[EXTRACTED INFORMATION — start]

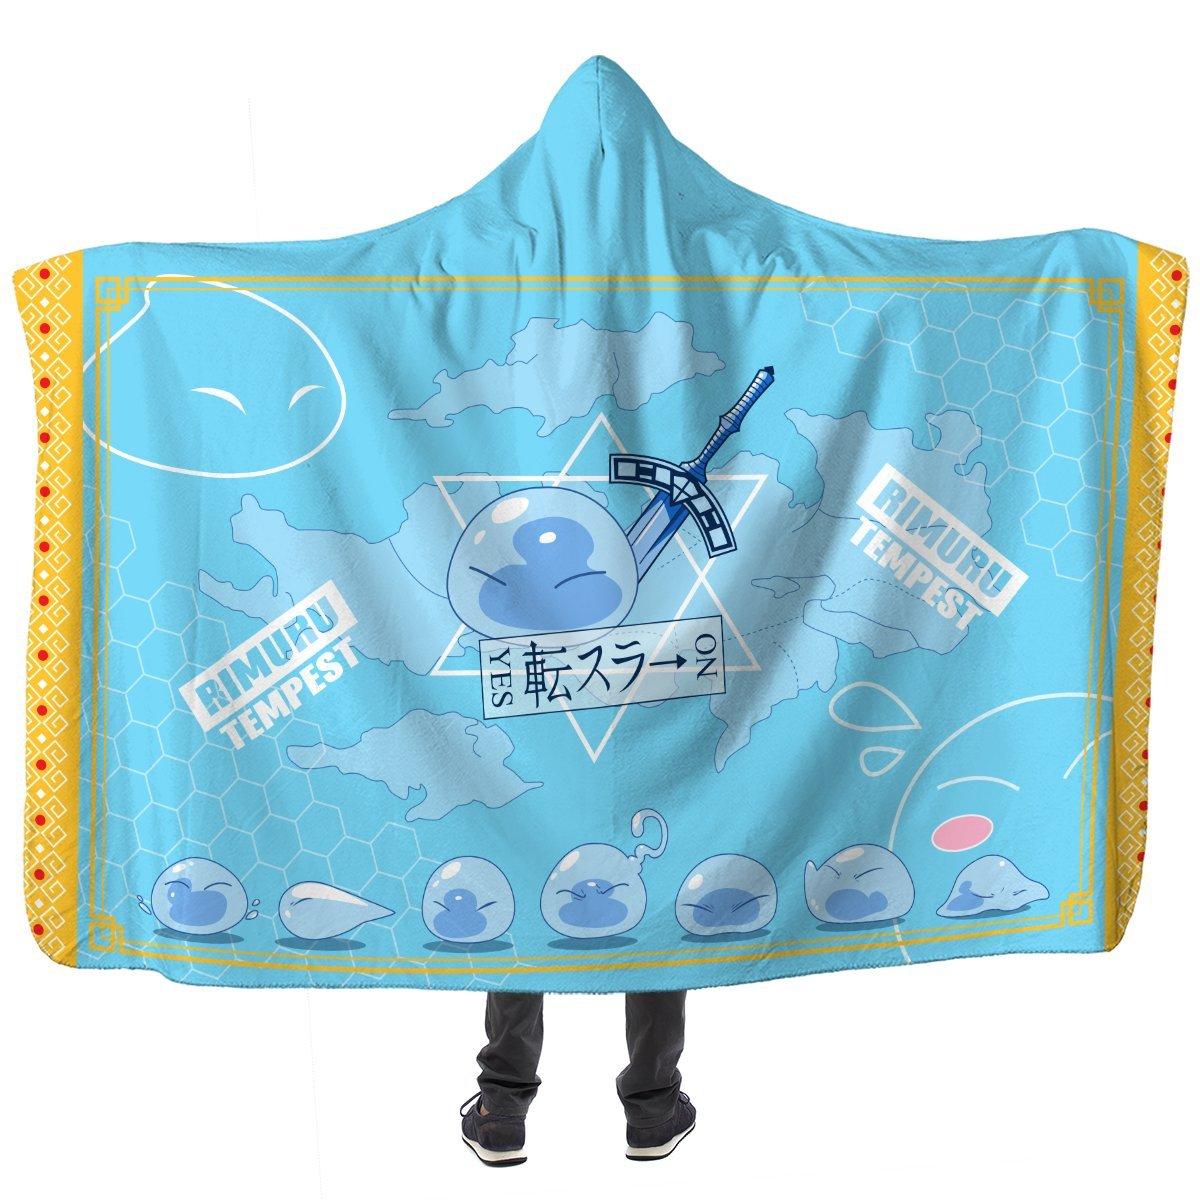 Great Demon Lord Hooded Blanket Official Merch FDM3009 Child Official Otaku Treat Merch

[EXTRACTED INFORMATION — finish]
[EXTRACTED INFORMATION — start]

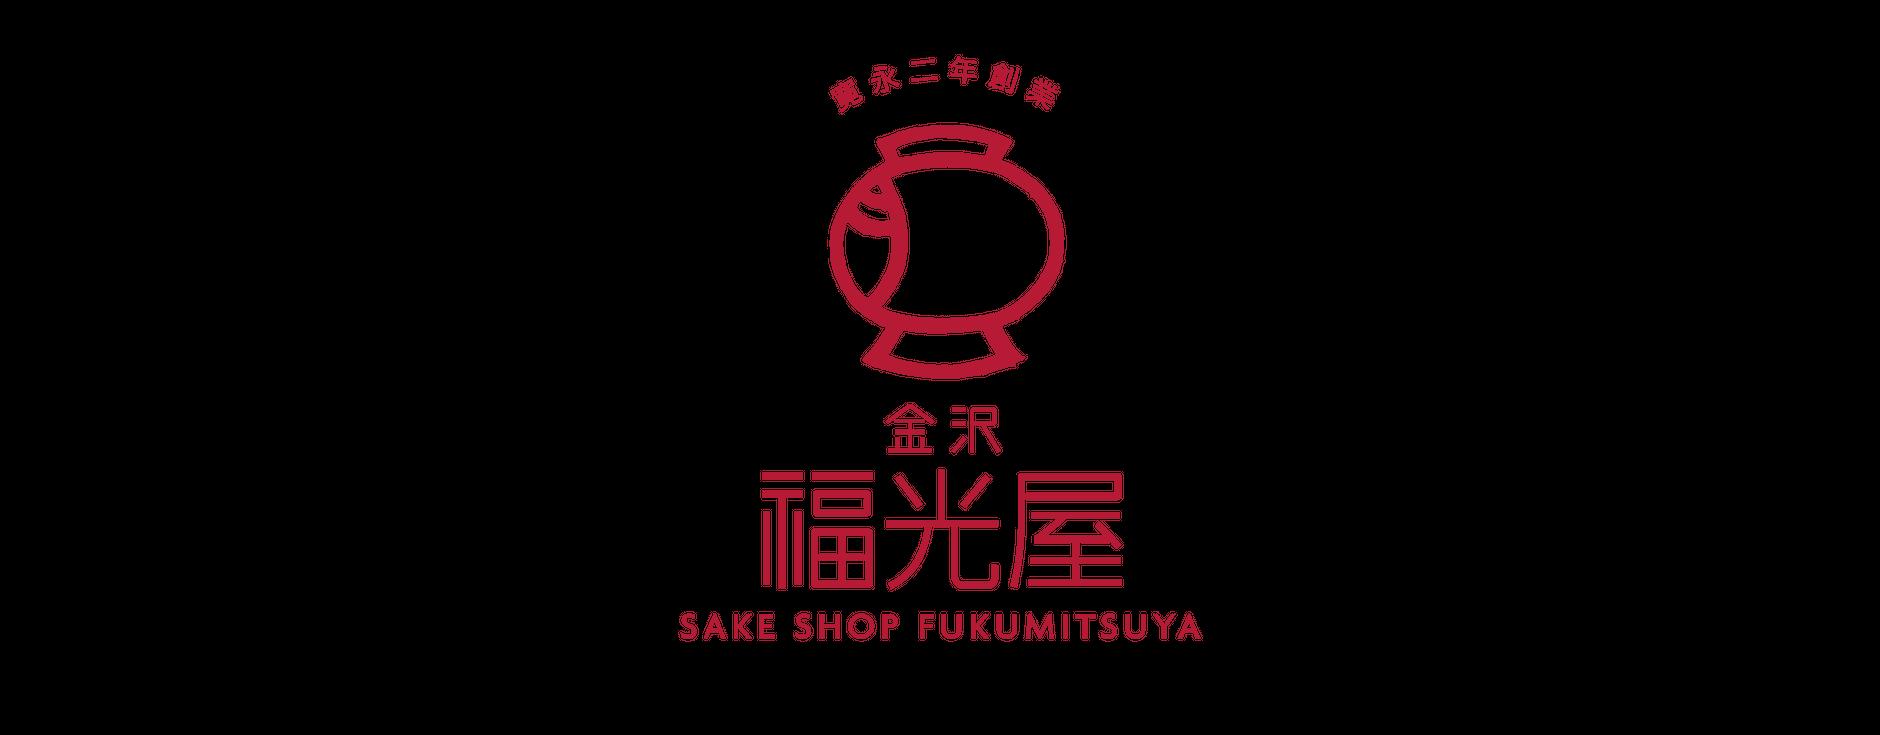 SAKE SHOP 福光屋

[EXTRACTED INFORMATION — finish]
[EXTRACTED INFORMATION — start]

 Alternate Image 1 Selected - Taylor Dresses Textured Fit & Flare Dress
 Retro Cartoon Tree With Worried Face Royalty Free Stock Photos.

[EXTRACTED INFORMATION — finish]

→ REQUIRED ACTION
Starting at the line above that contains "Alternate Image 1", write out each line exactly until the line that contains "Retro Cartoon Tree" has been written, and stop there.

→ ANSWER FOR THIS EXERCISE
 Alternate Image 1 Selected - Taylor Dresses Textured Fit & Flare Dress
 Retro Cartoon Tree With Worried Face Royalty Free Stock Photos.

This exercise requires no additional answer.